Pick the right location

Location matters a lot when it comes to property. Even an average home can get a boost in value from being close to a high performing state school or by being well connected to local infrastructure, for example. University cities or towns – which have a strong rental demand – can provide a high yield for investors. Look out for forthcoming improvements in transport or leisure facilities, which can boost the appeal of a whole area. Many factors beyond the quality of the home itself come together to influence its suitability as an investment.

Buy to let or buy to sell?

You can either buy up properties to rent out or look to renovate them and sell them on for a profit. Or, of course, you can do both. This probably depends on the individual property and the rental yield you can expect. Before you buy any property, make sure you know how to use it best to maximise your money.

Start small and build up your portfolio

It’s advisable to start off slowly and build up your portfolio over time to avoid over-exposing yourself financially.
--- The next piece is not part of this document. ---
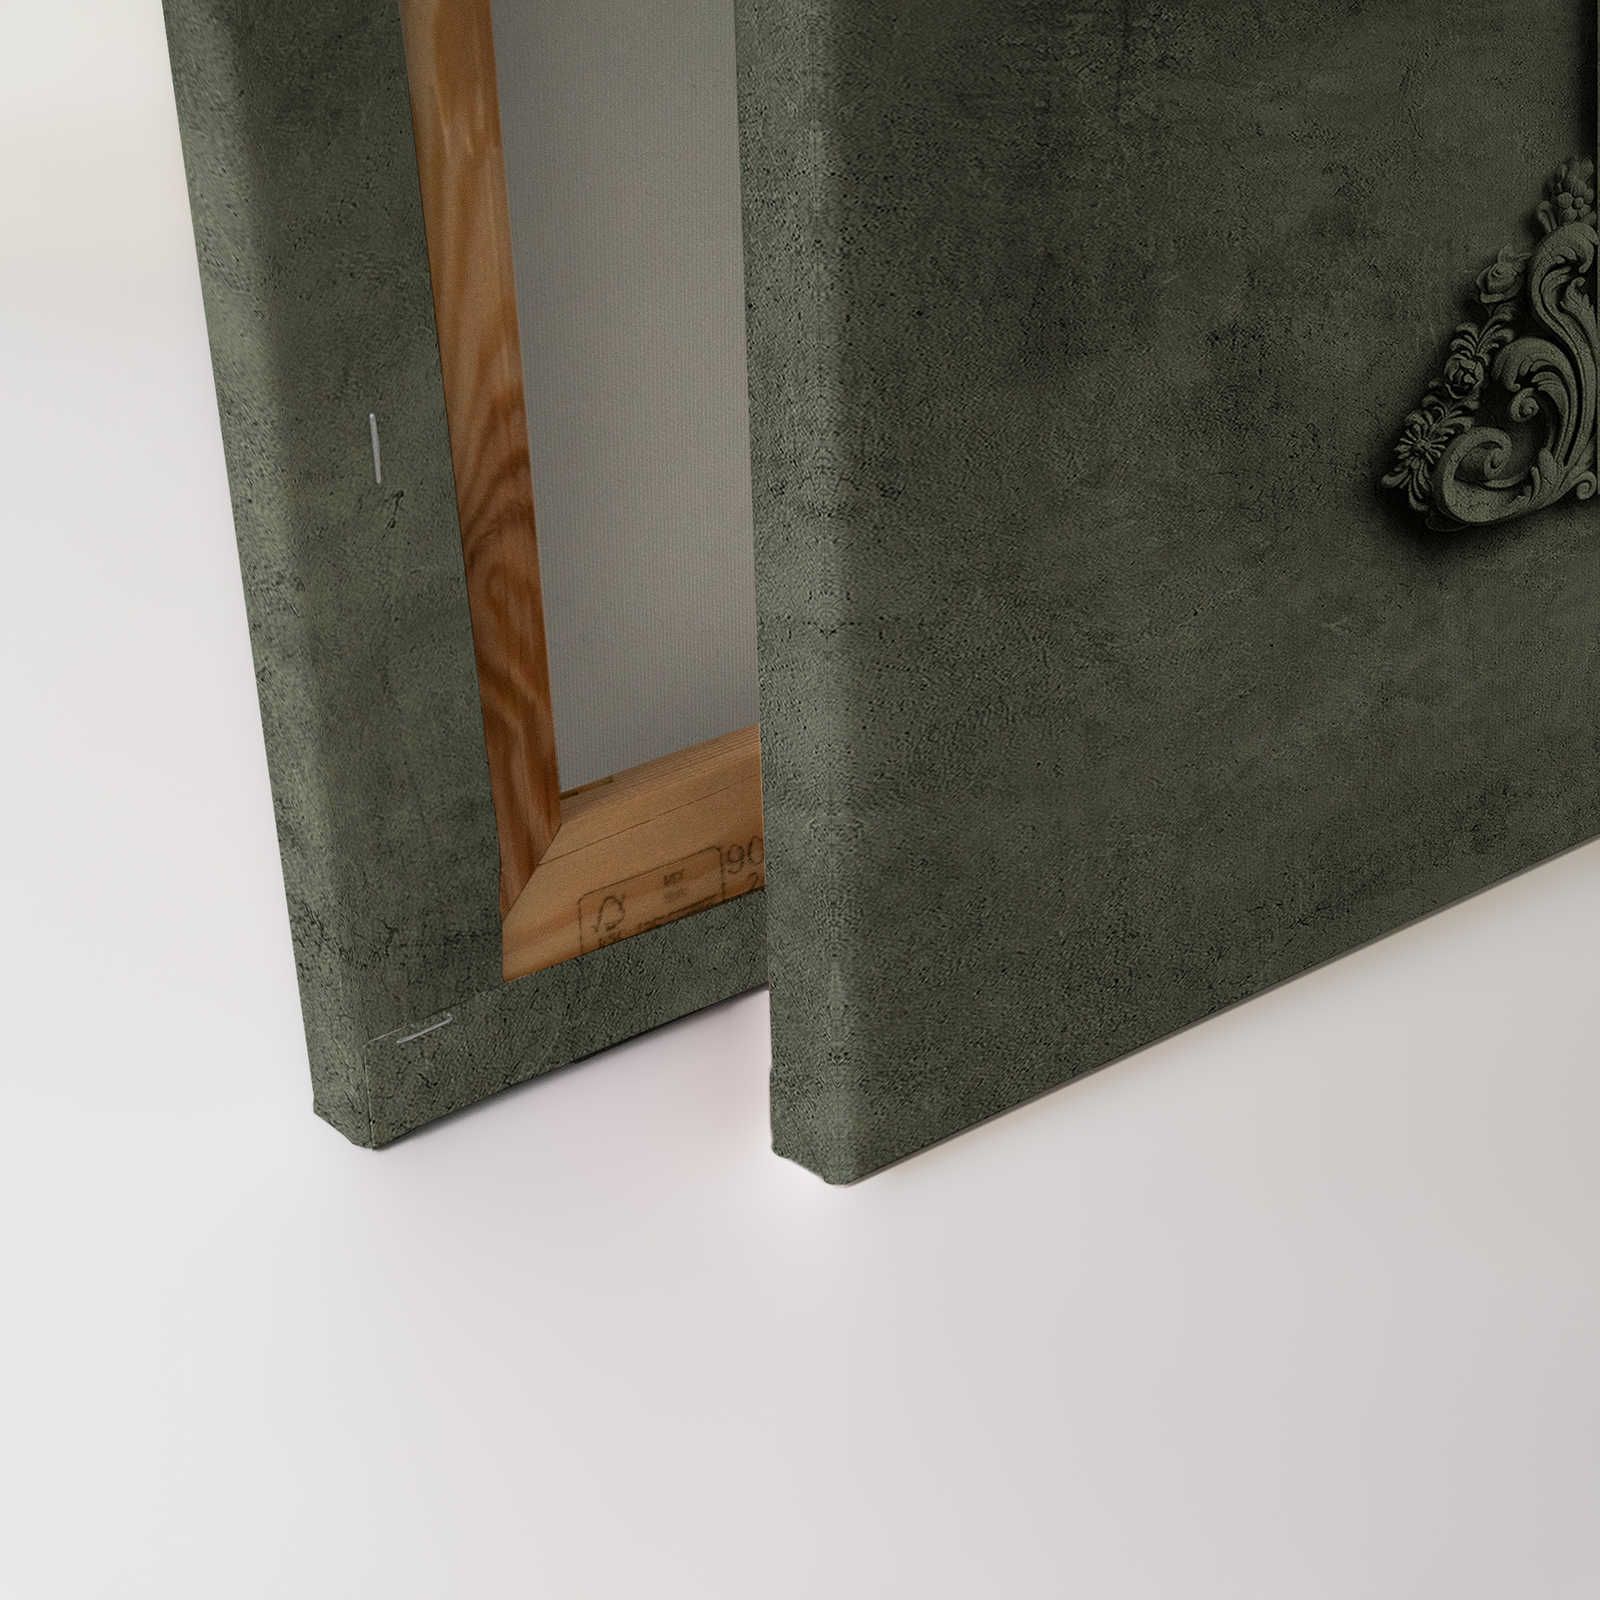             Lyon 2 - Toile 3D cadre stuc & aspect plâtre vert - 0,90 m x 0,60 m
        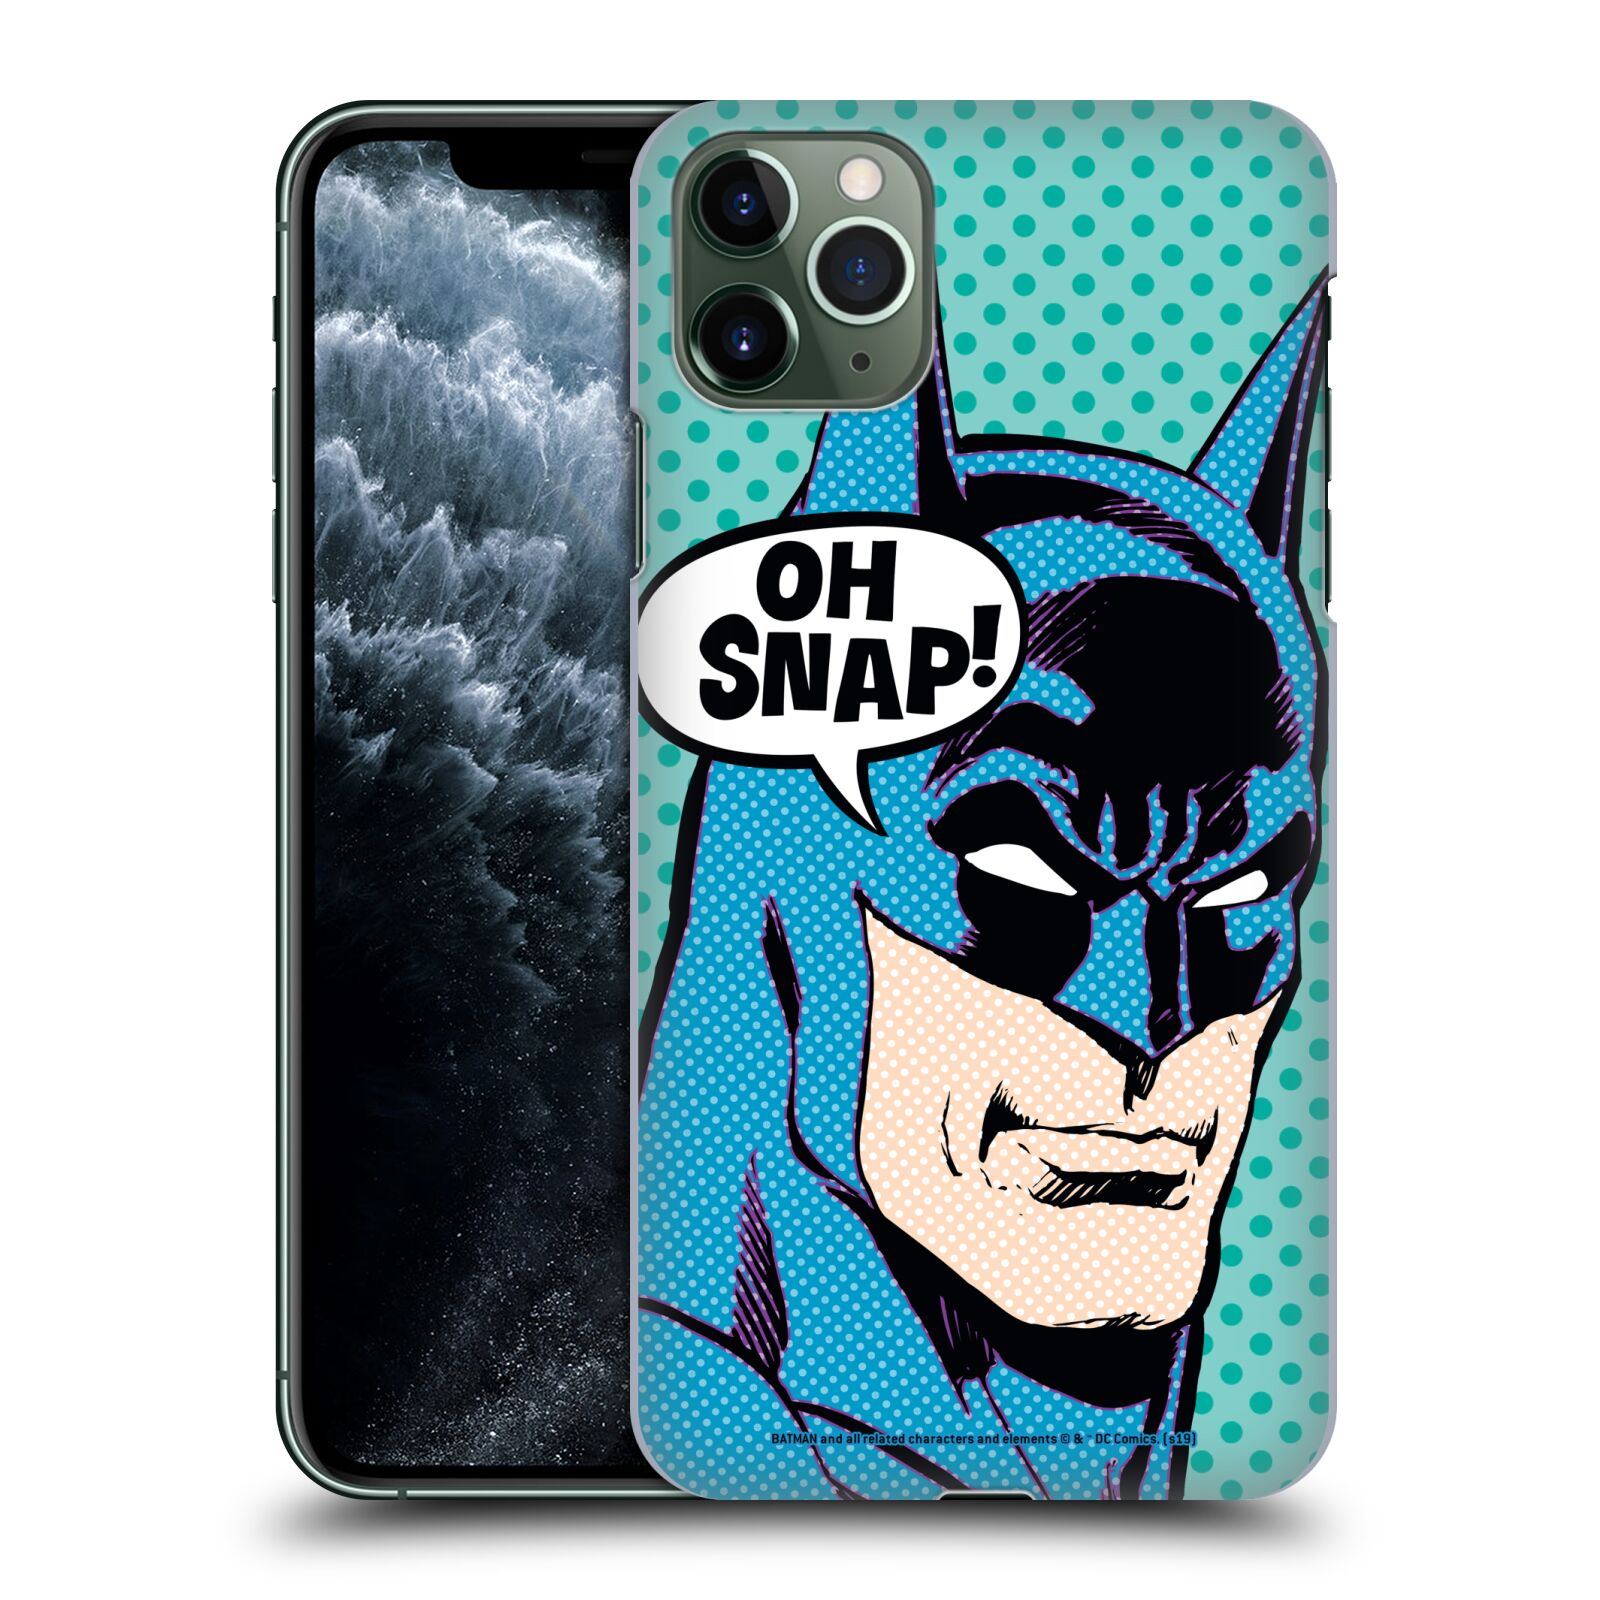 Pouzdro na mobil Apple Iphone 11 PRO MAX - HEAD CASE - DC komix Batman Pop Art tvář

Over time you’ll get a good feel for what does and doesn’t make a good bricks and mortar investment. You might even wish to team up with others to make a more formal ‘business’ of your property empire. Have a medium-to-long-term goal in mind as fluctuations in the market might well mean you have to cling on to a property before cashing in.

Be aware of the costs

You need to know about the extra costs involved in the purchase, management and sale of a property. Estate agents will typically take about ten per cent of your rental income to manage a property on your behalf, yet this might well be well worth it to save you any hassle on a day-to-day basis. Remember, too, that Stamp Duty has now risen, with those buying second homes paying three per cent more from April 1. Money made from selling such properties is liable to Capital Gains Tax at 28% - having been exempt from a recent Government tax cut – and the ability to offset mortgage interest payments against your tax bill are to be phased out. These measures shouldn’t put you off, but you need to factor them in so you don’t face any nasty surprises.

So, there you go. You might not be sticking up a hotel in Park Lane any time soon, but you’ll be making more than mere Monopoly money if you can heed this advice.